- Born: Los Angeles, California
- Spouse: Tomas Ganz ​(m. 1970)​

Academic background
- Education: BA, 1969, Radcliffe College MD, 1973, David Geffen School of Medicine at UCLA

Academic work
- Institutions: David Geffen School of Medicine at UCLA; UCLA Fielding School of Public Health; Jonsson Comprehensive Cancer Center

= Patricia A. Ganz =

American medical oncologist

Patricia Anne Ganz (nee Conn) is an American medical oncologist. She is a professor of health policy and management in the Fielding School of Public Health and a professor of medicine in the David Geffen School of Medicine at UCLA. In 2007, she was elected to the Institute of Medicine.

==Early life and education==
Ganz was born in Los Angeles, California and raised in Beverly Hills, California as the oldest child to a physician father and homemaker mother. She was encouraged by her father to pursue a career in medicine and she completed clerical work for her father's medical practice during the summer season. Following her graduation from Radcliffe College, she married Tomas Ganz in 1970 and began her medical training at the David Geffen School of Medicine at UCLA. Her father told her that "medicine wasn't such a bad career for a woman" and she was one of three women in a class of 120 at UCLA.

==Career==
Upon completing her medical degree, Ganz trained as an internist and medical oncologist at UCLA Medical Center. In 1978 she took a faculty position at the UCLA-San Fernando Valley Program and established an oncology unit at the Sepulveda VA Medical Center to provide palliative care to patients from diagnosis until death. In 1986, she also became a founding member of the National Coalition for Cancer Survivorship and was one of the first medical professionals to recognize that the effects of surviving cancer could stay long term with the patient. Working with colleagues at the VAMC and UCLA, she began a series of research studies examining the impact of cancer and its treatment on the quality of life of patients. In 1986, she was a founding member of the National Coalition for Cancer Survivorship (NCCS), the first major cancer advocacy organization to advance the needs and concerns of the growing number of cancer survivors. As a result of her experience and academic accomplishments, she was chosen to participate in the National Breast Cancer Prevention Trial, a study to determine if Tamoxifen could prevent breast cancer.

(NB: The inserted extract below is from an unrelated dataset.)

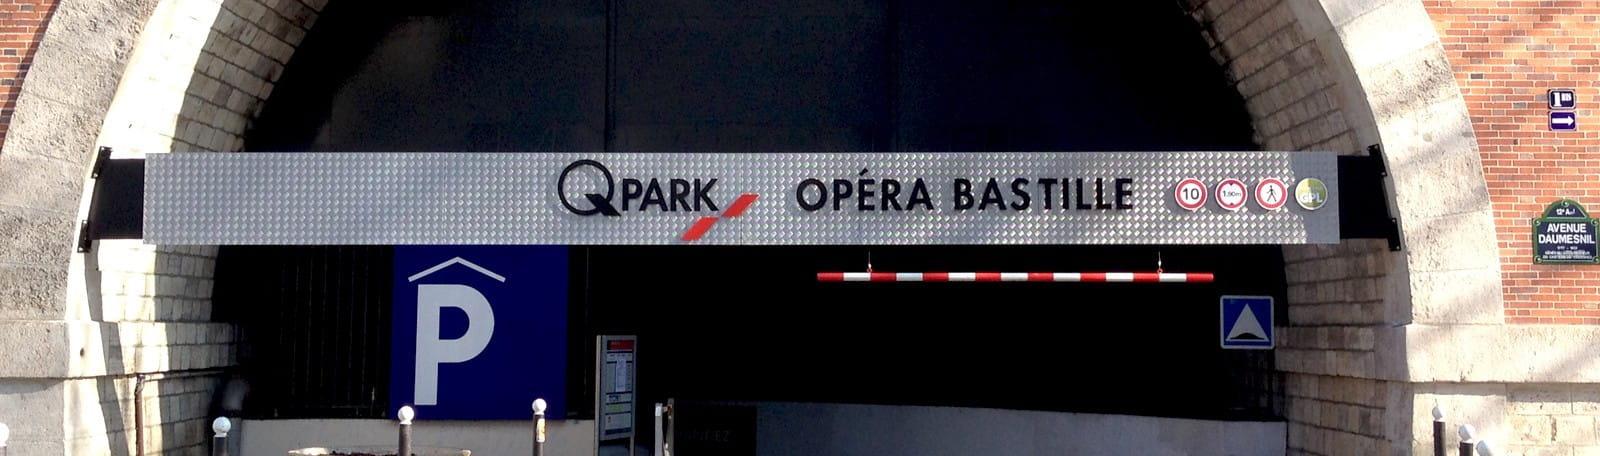 Q-Park Opéra Bastille

In 1992, Ganz returned to UCLA full-time as a Professor in the UCLA Schools of Medicine and Public Health, as well as the Jonsson Comprehensive Cancer Center (JCCC), where she was recruited to be the associate director of the Division of Cancer Control. In this role, she would serve in the School of Public Health and co-lead research within JCCC in its Population Science Group. However, within a year of joining the faculty, she was promoted to Director following the departure of Ellen Gritz. As she continued her research into health-related quality of life and the long term effects breast cancer has on women's mental health, Ganz received one of 10 Avon Breast Cancer Leadership Awards to fund research on how breast cancer affects the lives of women. At the JCCC, she established the UCLA Family Cancer Registry and Genetic Evaluation Program in 1997, which serves patients and survivors, as well as those at high risk for familial/hereditary cancers. As a result, Ganz also became the first woman to receive the American Cancer Society's Clinical Research Professorship, which included $300,000 over five years to support her research of women at high risk for breast cancer, quality of life among cancer survivors, and genetic links to the disease. Her efforts were also recognized in 2005 by the Breast Cancer Research Foundation with the Jill Rose Award, an honor given to top cancer scientists. She was honored for her “extraordinary research accomplishments which have changed the way doctors and patients deal with the physical and psychological quality of life issues that follow breast cancer treatment."

In 2006, Ganz founded one of eight centers established by the Lance Armstrong Foundation; the University of California, Los Angeles-Livestrong Survivorship Center of Excellence. The following year, she was elected to the Institute of Medicine. In 2010, Ganz received the American Cancer Society's Medal of Honor for "the clinical research she’s done as director of cancer prevention and control research at UCLA’s Jonsson Comprehensive Cancer Center." She continued her research in the subject of quality of care at UCLA and she chaired the committee that produced the 2013 Institute of Medicine report Delivering High-Quality Cancer Care: Charting a Course for a System in Crisis. In the same year, she was also the lead author of a study which showed that patient-reported cognitive difficulties could be associated with neuropsychological test performance, and received the European Institute of Oncology Breast Cancer Therapy Award. On July 1, 2017, Ganz was appointed the editor-in-chief of the Journal of the National Cancer Institute (JNCI), replacing Carmen Allegra. At the time of her appointment, Ganz said she was the first JNCI editor-in-chief without an NCI pedigree.